Multiple reports citing online advertisements for slaves and satellite images of slavery sites have also indicated that China has turned many concentration camp victims into slaves, using them to pick cotton or shipping them to factories nationwide.

In October, Khan’s National Security Adviser Moeed Yusuf described the human rights crisis as a “non-issue.”

“Even our delegations have visited, we have seen, and we are 100 percent satisfied that it’s a non-issue,” he said in an interview at the time. “The West can say what it wants. I am telling you as a responsible official, we know everything we need to know about the Uyghurs and everything else in China as they do about us. We have zero concerns, absolutely zero concerns.”

Khan’s government has claimed to be cracking down on Muslim “extremists” through actions against the “East Turkestan Islamic Movement” (ETIM), an alleged terrorist organization the existence of which the U.S. government has found no evidence corroborating.

While muted in response to human rights atrocities committed against Muslim civilians, Khan has embraced radical Islamic elements in his country and made statements apparently supporting terrorism. Khan particularly angered American observers last year in remarks lamenting the elimination of “martyr” Osama bin Laden, the head of the al-Qaeda terrorist organization.
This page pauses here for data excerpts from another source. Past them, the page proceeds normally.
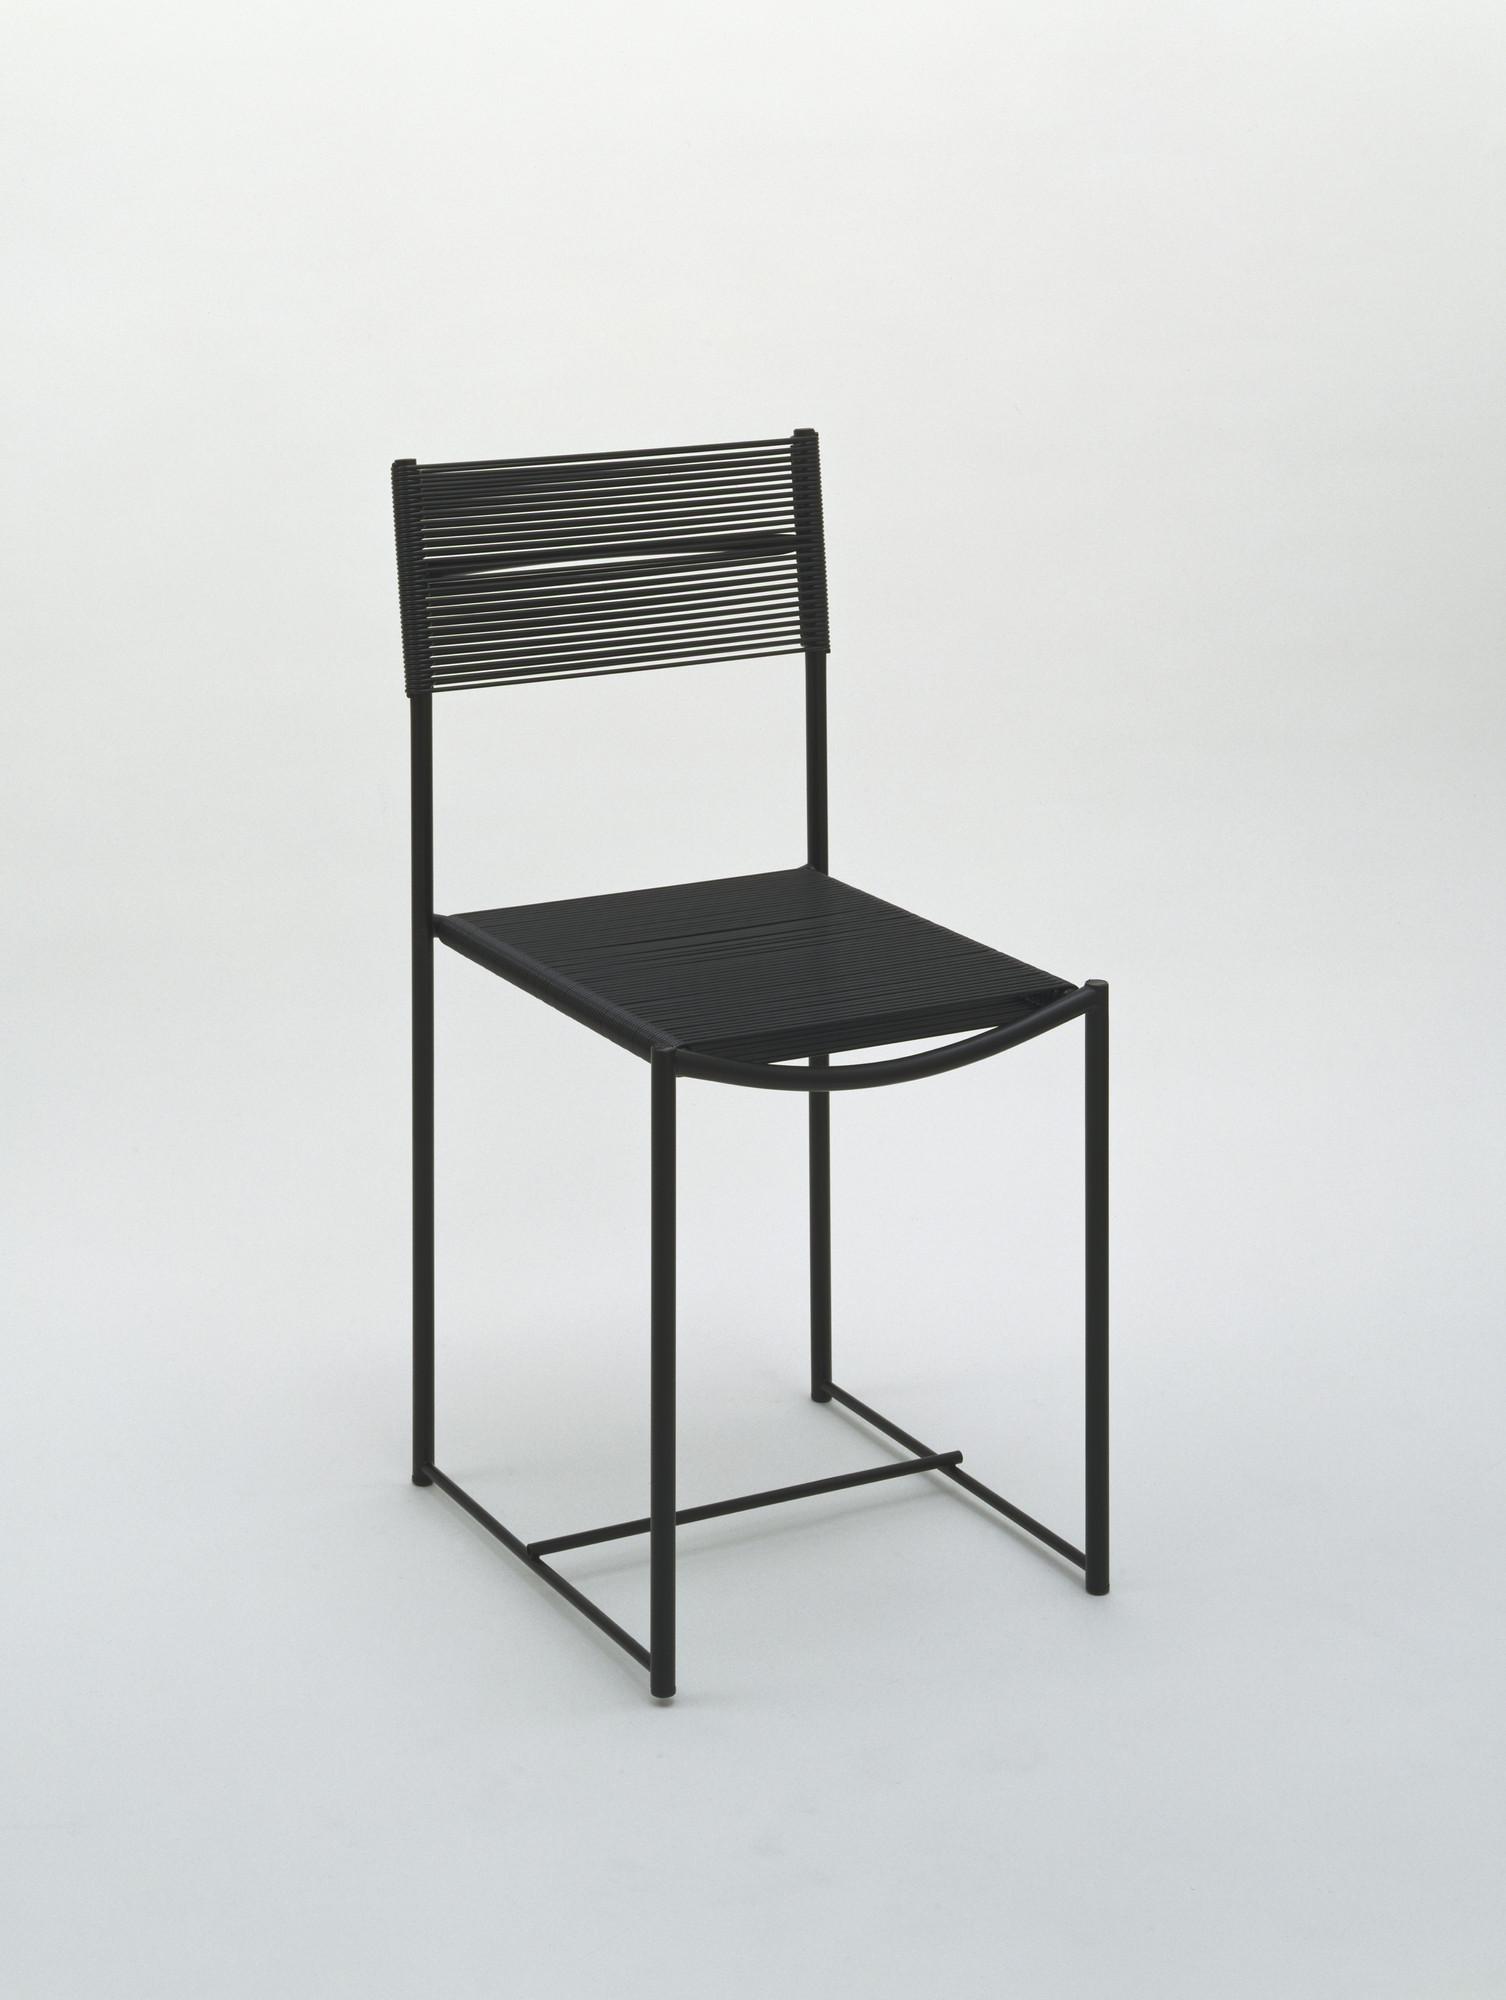 Spaghetti Chair Giandomenico Belotti.Giandomenico Belotti Spaghetti Side Chair 1960 Moma
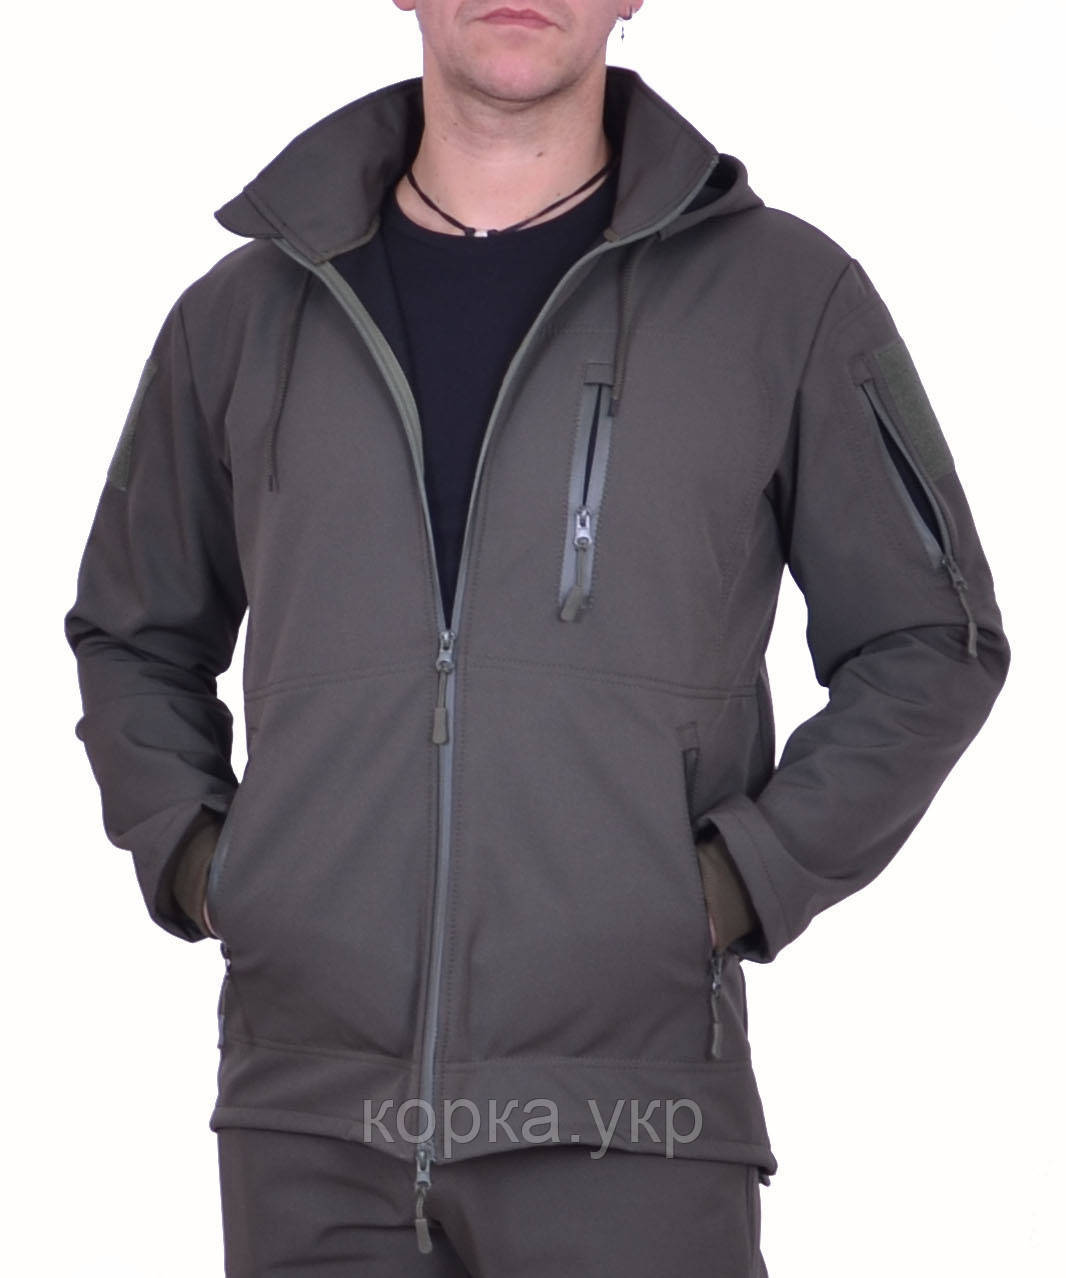 Куртка SOFT SHELL Хаки с боковыми молниями под кобуру
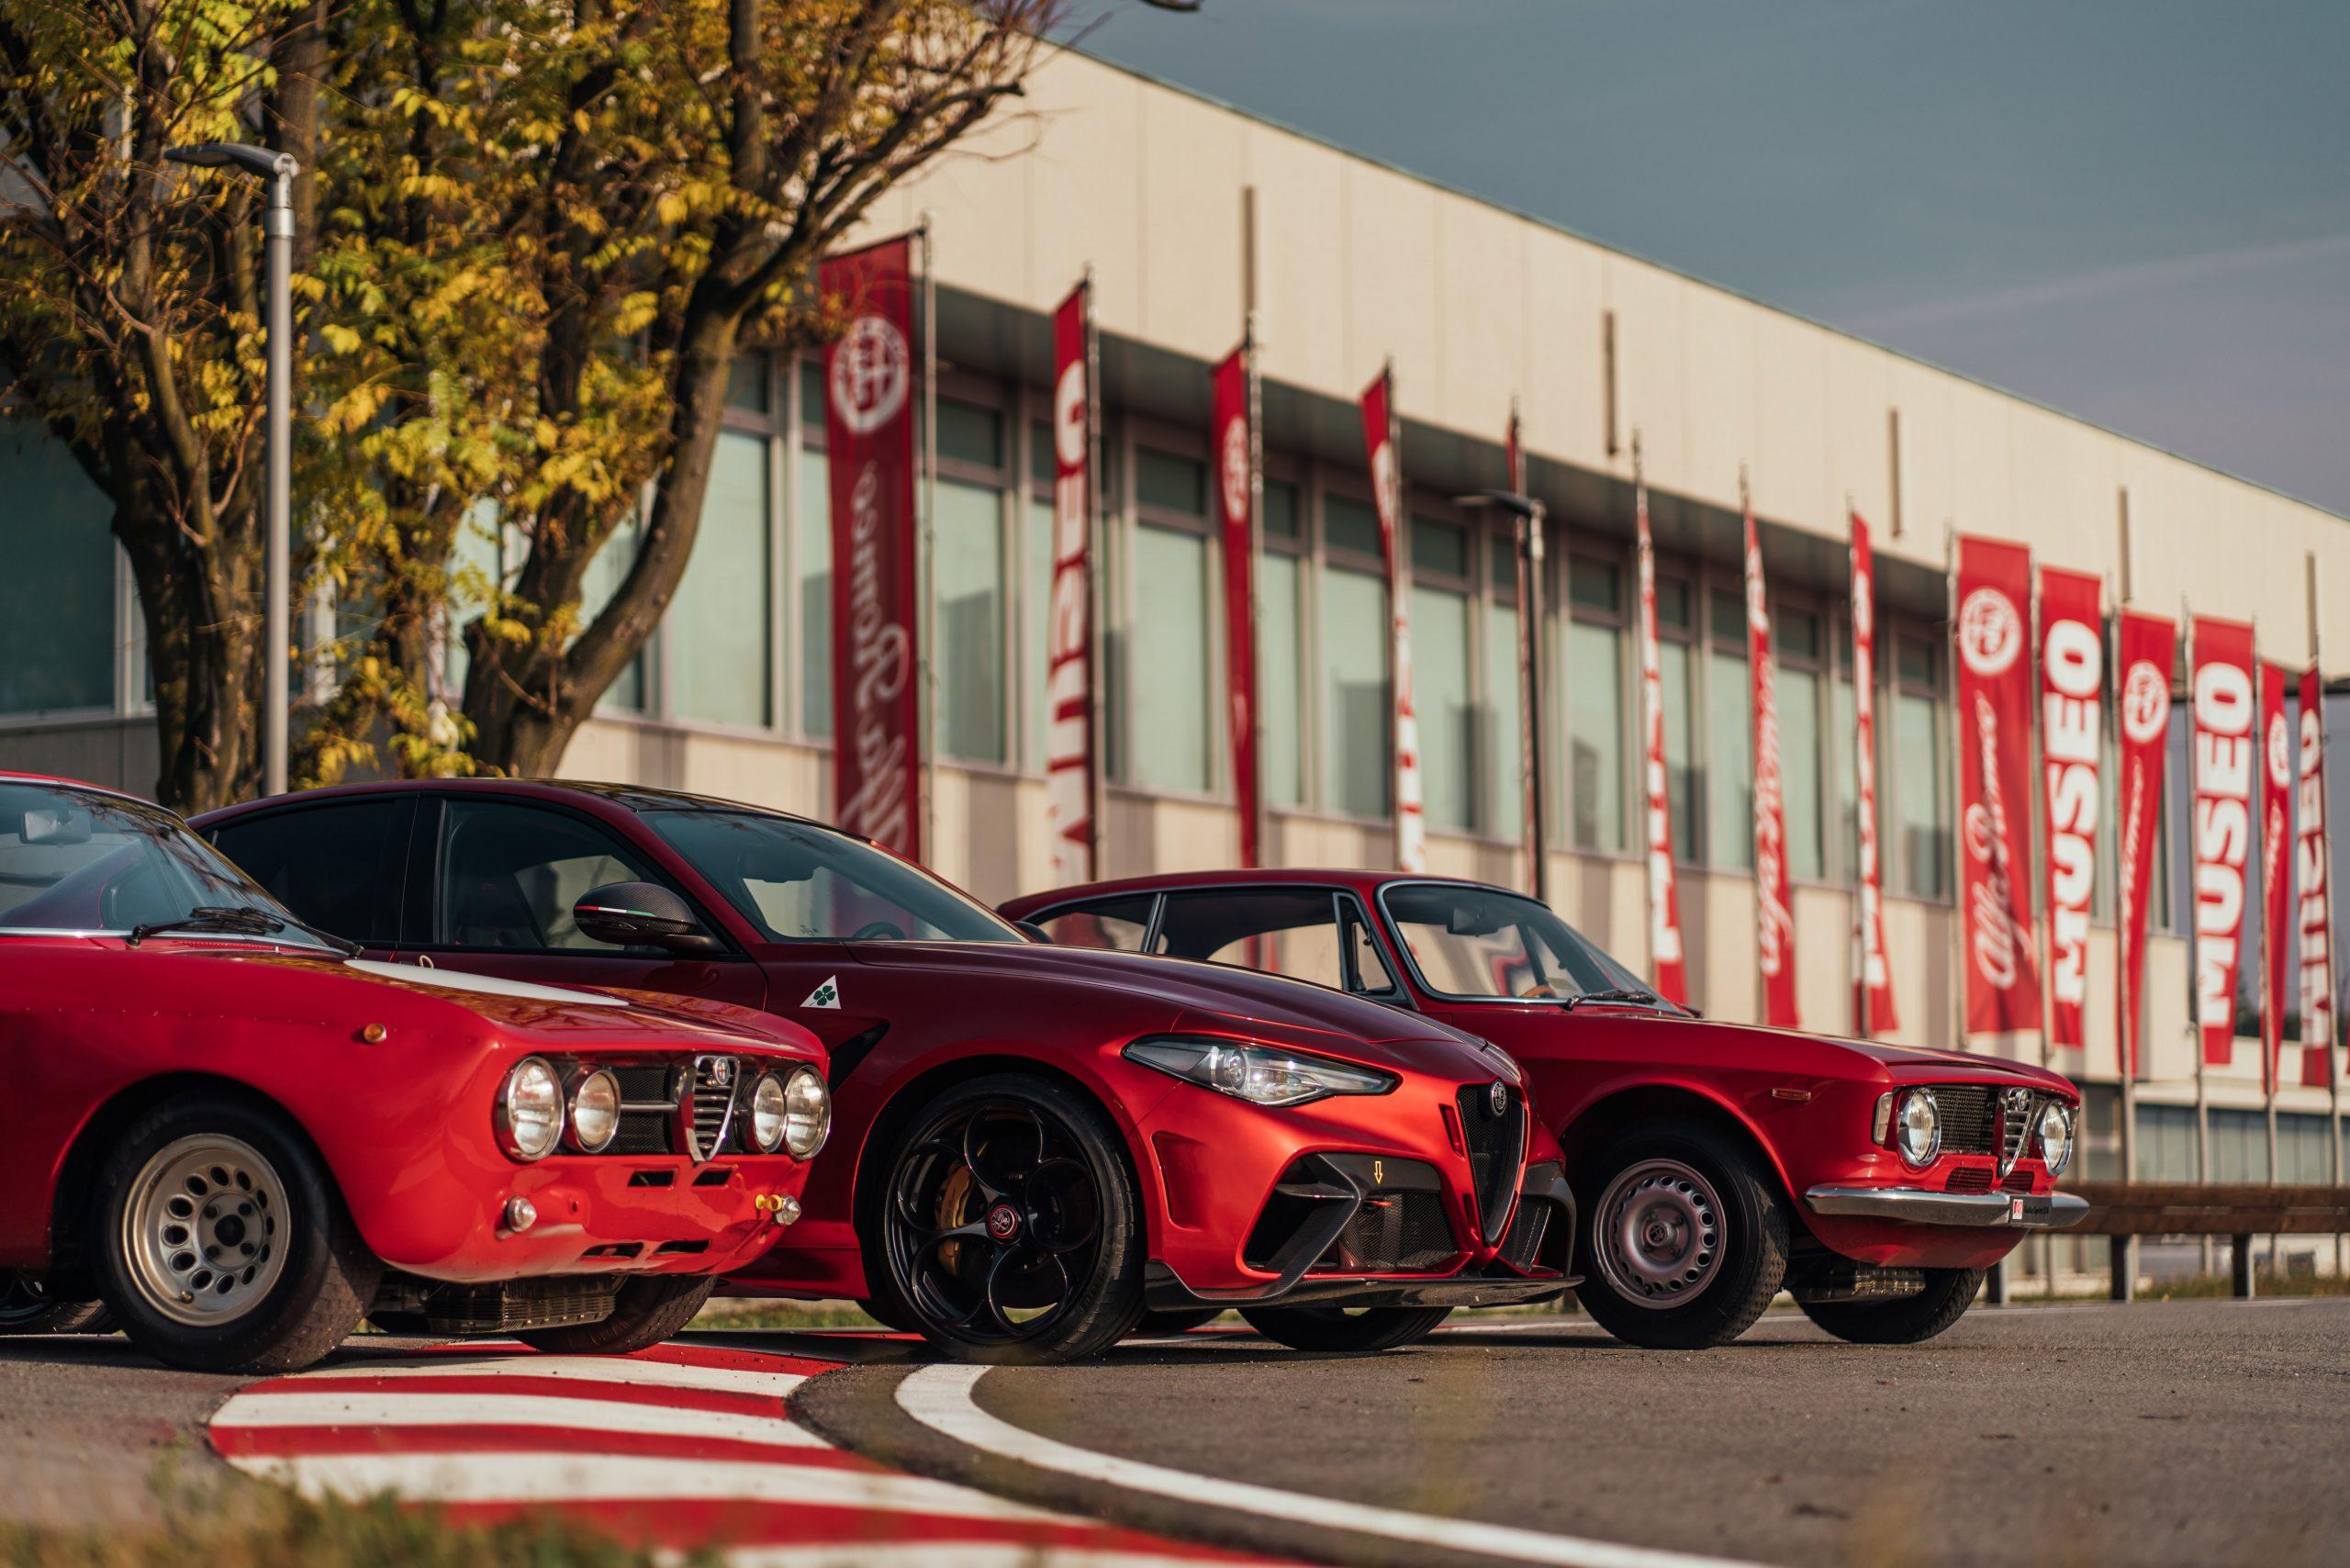 210610 AR 111 Anniversary 01 scaled H Alfa Romeo προσκαλεί τους Alfisti για τα 111α γενέθλια της Alfa, alfa romeo, Alfa Romeo Giulia, Alfa Romeo Giulia GTA, Alfa Romeo Giulia GTAm, ειδήσεις, Νέα

Khan is also the most vocal head of state in promoting the implementation of a global “blasphemy” law that criminalizes any criticism of Islam anywhere in the world.

“Blasphemy in the garb of freedom of expression is intolerable,” Khan said in November.

Khan has urged fellow Muslim nations to boycott trade with Western countries that have not criminalized blasphemy against Islam and encouraged the United Nations to use its agencies to punish blasphemers.